God has spoken to us in His Son, and pours it into our hearts and minds (which cannot be separated) through His Spirit (the Spirit who regenerates us, refreshes and renews us, anoints us, teaches us…).
We will not be easily swayed by every philosophy that resurfaces, challenging the Truth. We will remain rooted and grounded in love, in faith, in knowledge…
We will contend for the faith once for all handed down, and cling to what the apostles spoke and wrote (Jude; Ephesians 2; 2 Thessalonians 3). We will speak the things fitting for sound doctrine, delighting that there is and ever will be sound doctrine in His True Church (Titus 1-2).
And we groan, we groan with His Spirit; not to be unclothed, but further clothed in our heavenly bodies (2 Corinthians 5). Our true hope is not to escape the bodily life, but to be free of all the affects of the fall when He takes us home, as we dwell in our true home, in our resurrection bodies, in the new heavens and new earth.
The Spirit and the bride say: Come LORD Jesus! (Revelation 22)
What now?
Examine your faith, examine as you read and pray–do you separate God into pieces? Do you separate who you are into parts and pieces? Why? Consider yourself a whole person, and how all of you is intimately interconnected, not to be fragmented.
If you have never, now is the perfect time to spend a season meditating on the Nicene Creed, and God’s Oneness. One True God, three persons; inseparable, equal in power and glory! Equally to be adored and worshipped. Whatever Jesus revealed about God, it is true of the One True and Living Triune God. https://www.crcna.org/welcome/beliefs/creeds/nicene-creed
God is the Source, and offers us all that we have “in” Himself. Our lives are hidden with Christ in God (Colossians 3:1-4). God is love, love is not a possession He hands out, He offers us love in Himself, not a commodity that we can take. What ways have you misunderstood what God promises? The doctrine of our Union with Christ can heal so many of these misunderstandings! You are either “in Adam” or “in Christ” but do not have anything in Christ yet separate from Christ.

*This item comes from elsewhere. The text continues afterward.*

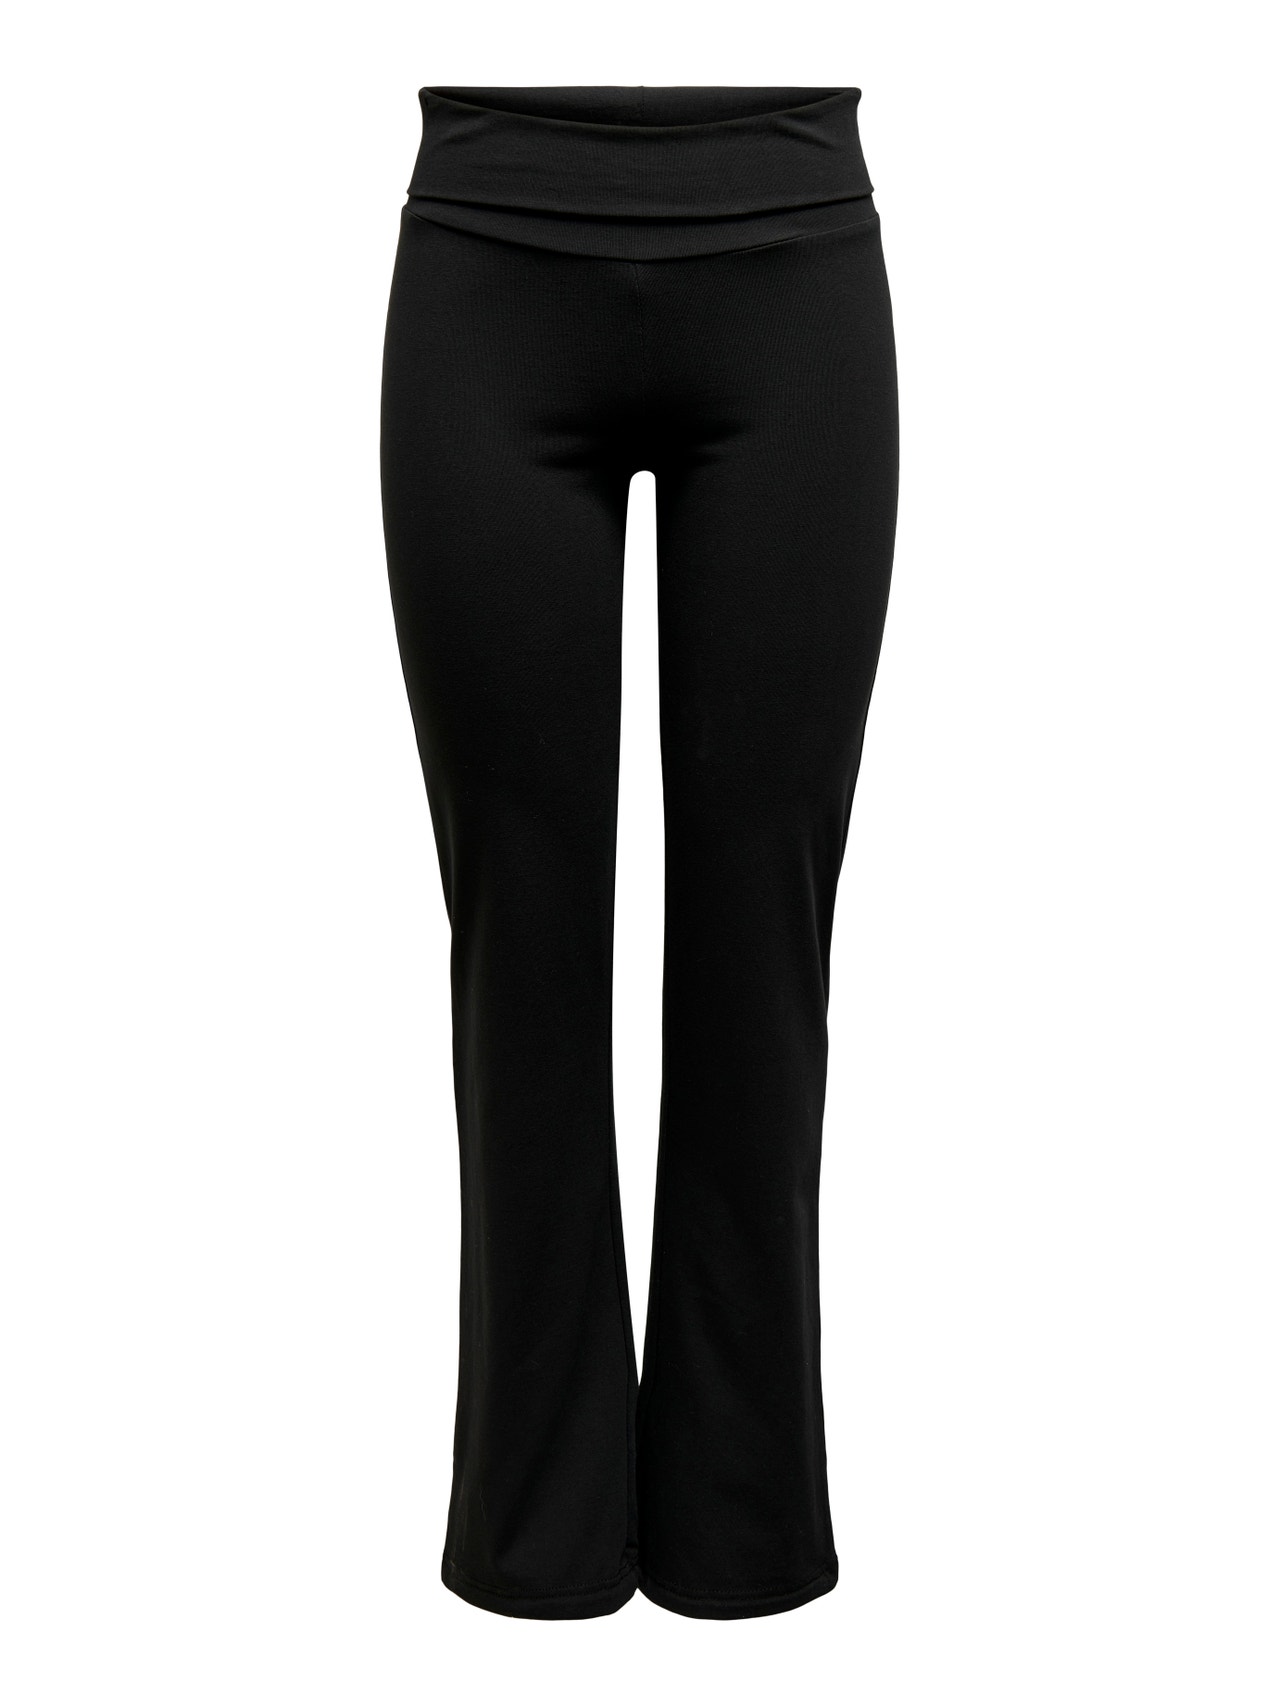 ONLY Pantalons Flared Fit Taille moyenne Jambe évasée Poignets avec bande élastique -Black - 15062199

Meditate on what God teaches in His Word concerning loving God and serving God, not as though you could do so with your head but not your heart–but as though you were a whole person, a being incapable of being dissected into parts. God hated those who believed they could worship with their lips yet their heart was far from Him. We either love, or do not; we worship or we do not; there is not “well I love Him in my mind but not in my…”

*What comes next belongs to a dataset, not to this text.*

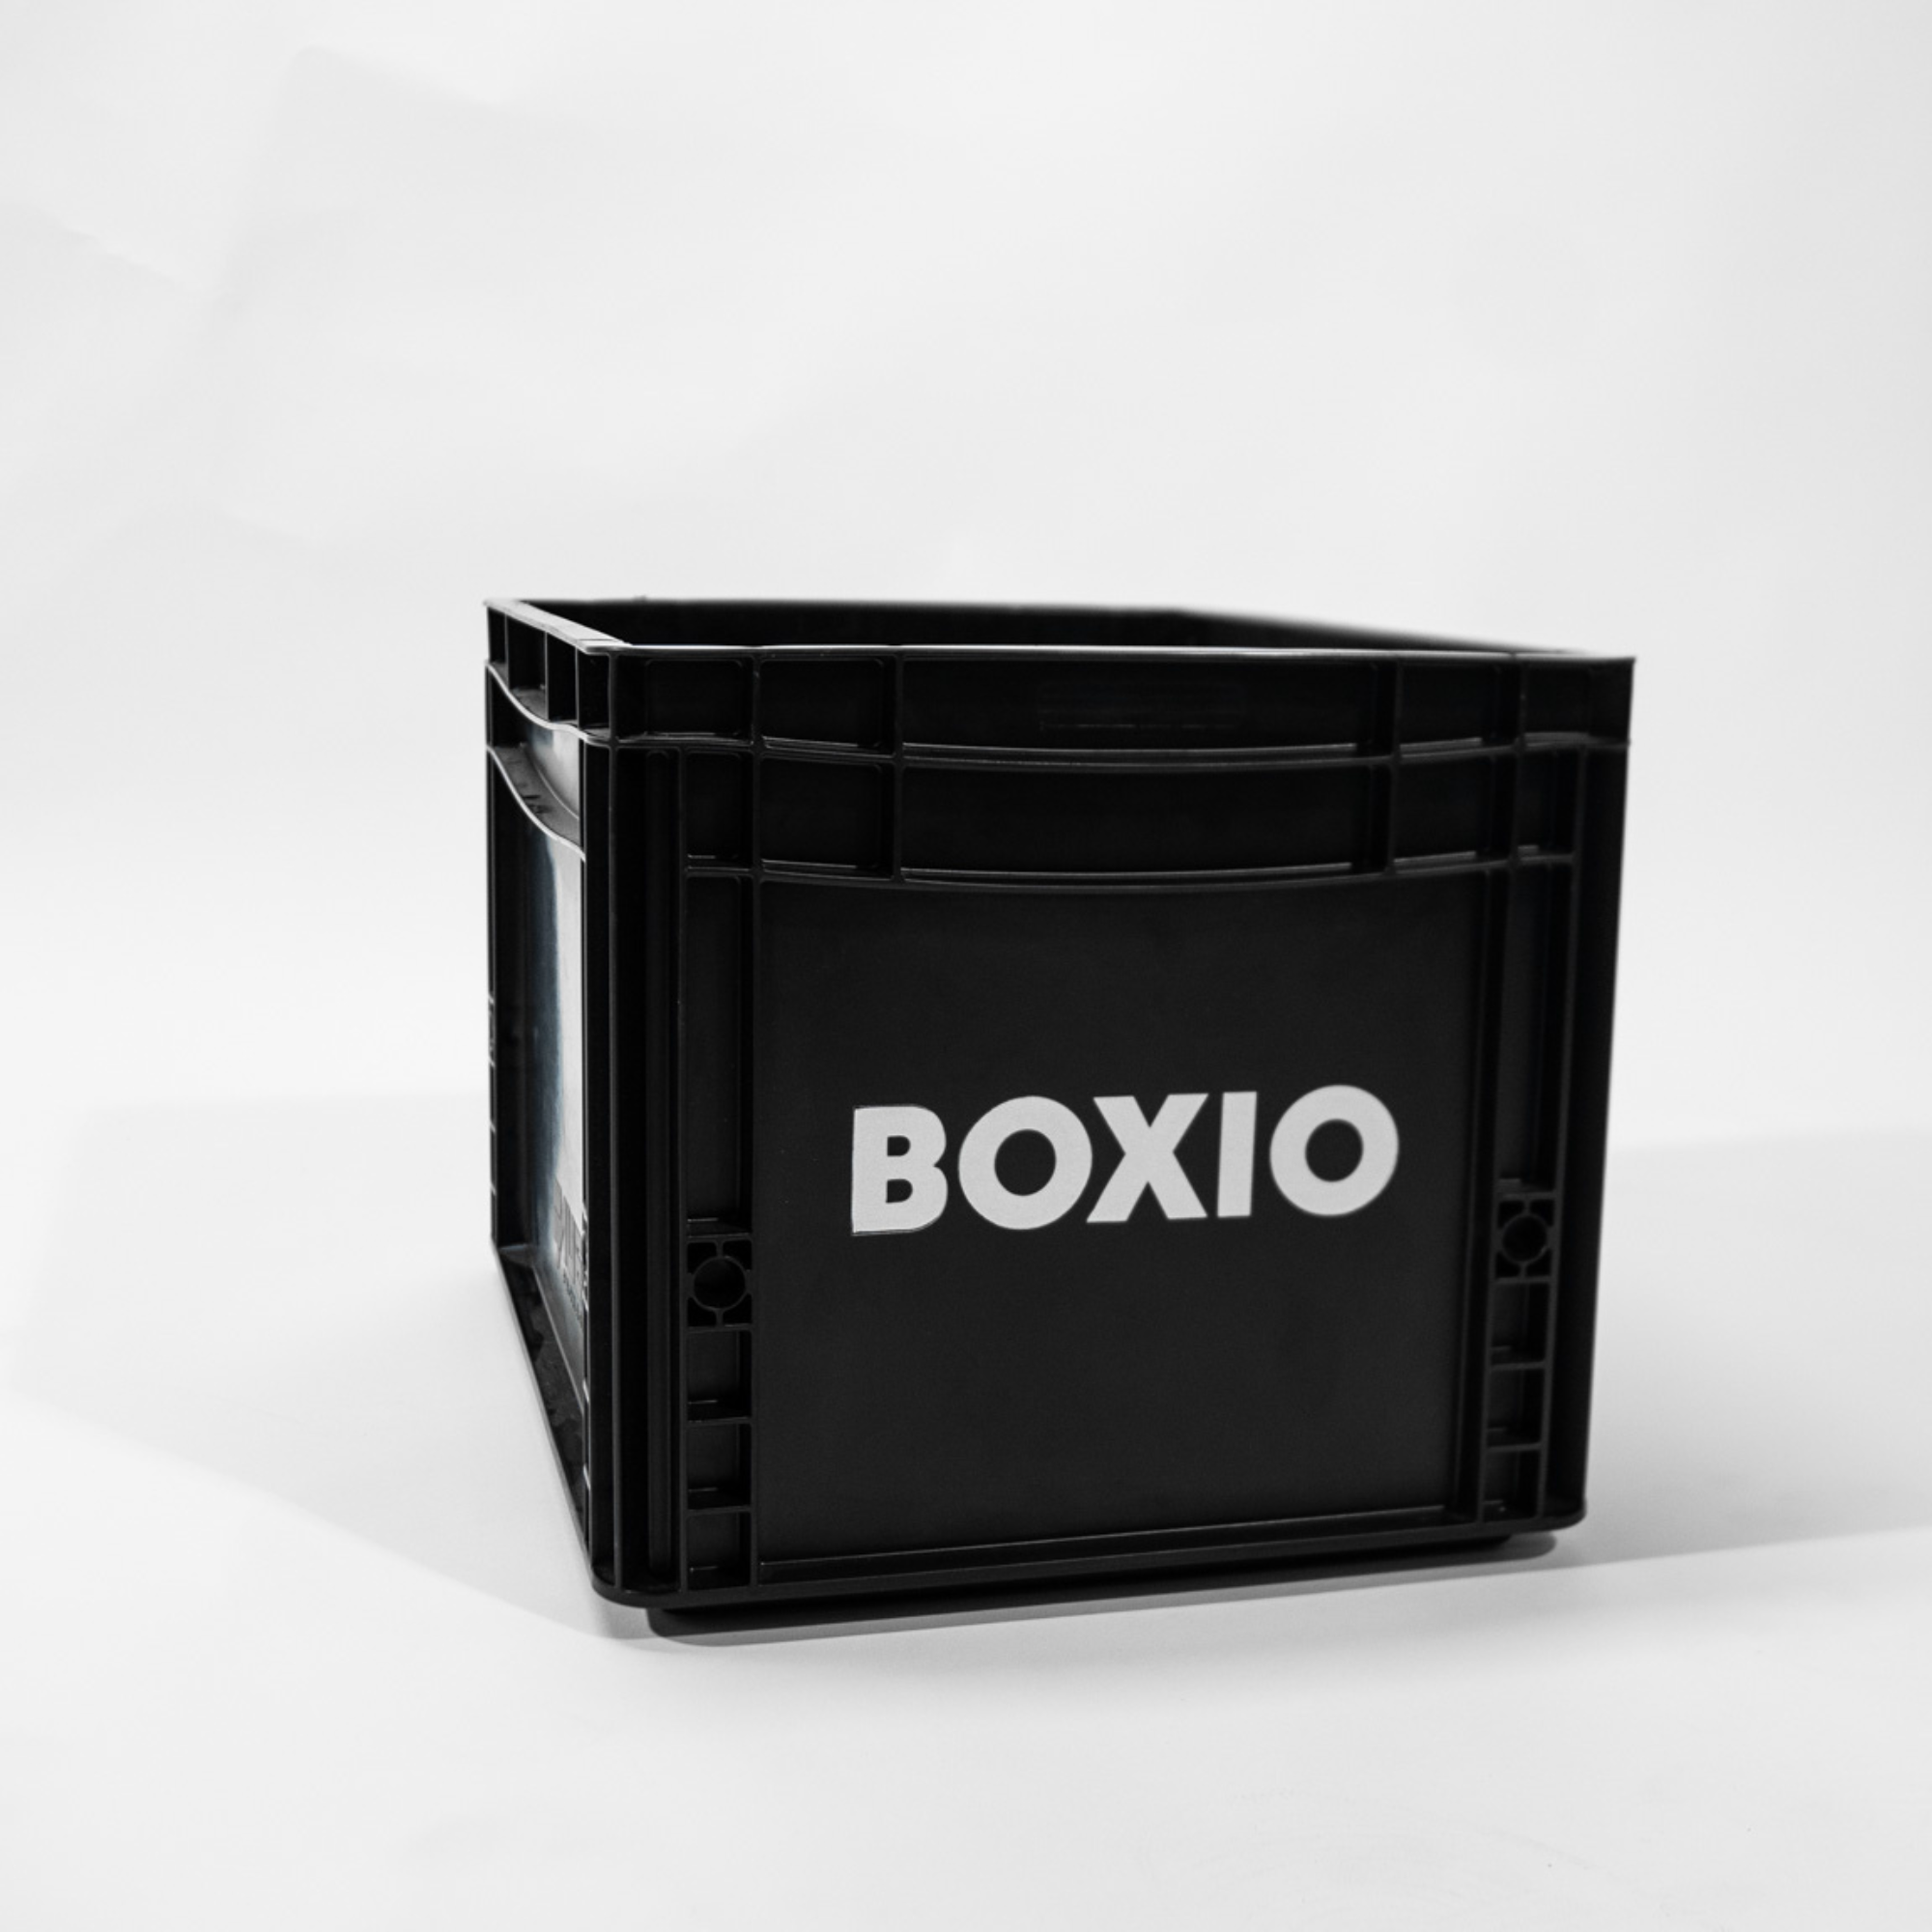 Eurobox "BOXIO" with drill holes for BOXIO - TOILET & WASH

“When He, the Spirit of truth, comes, He will guide you into all the truth; for He will not speak on His own initiative, but whatever He hears, He will speak; and he will disclose to you what is to come. He will glorify Me, for He will take of Mine and will disclose it to you. Al things that the Father has are Mine; therefore I said that he takes of Mine and will disclose it to you.”
John 16:13-15
Notice the oneness of the Triune God, oneness in purpose, in knowledge, in revealing knowledge, in act and being. Look for this oneness of the Trinity as you read, you will be delighted! Look for this especially as you ponder the Incarnation, Resurrection, Ascension, Pentecost, and whether Jesus accomplished anything on your behalf.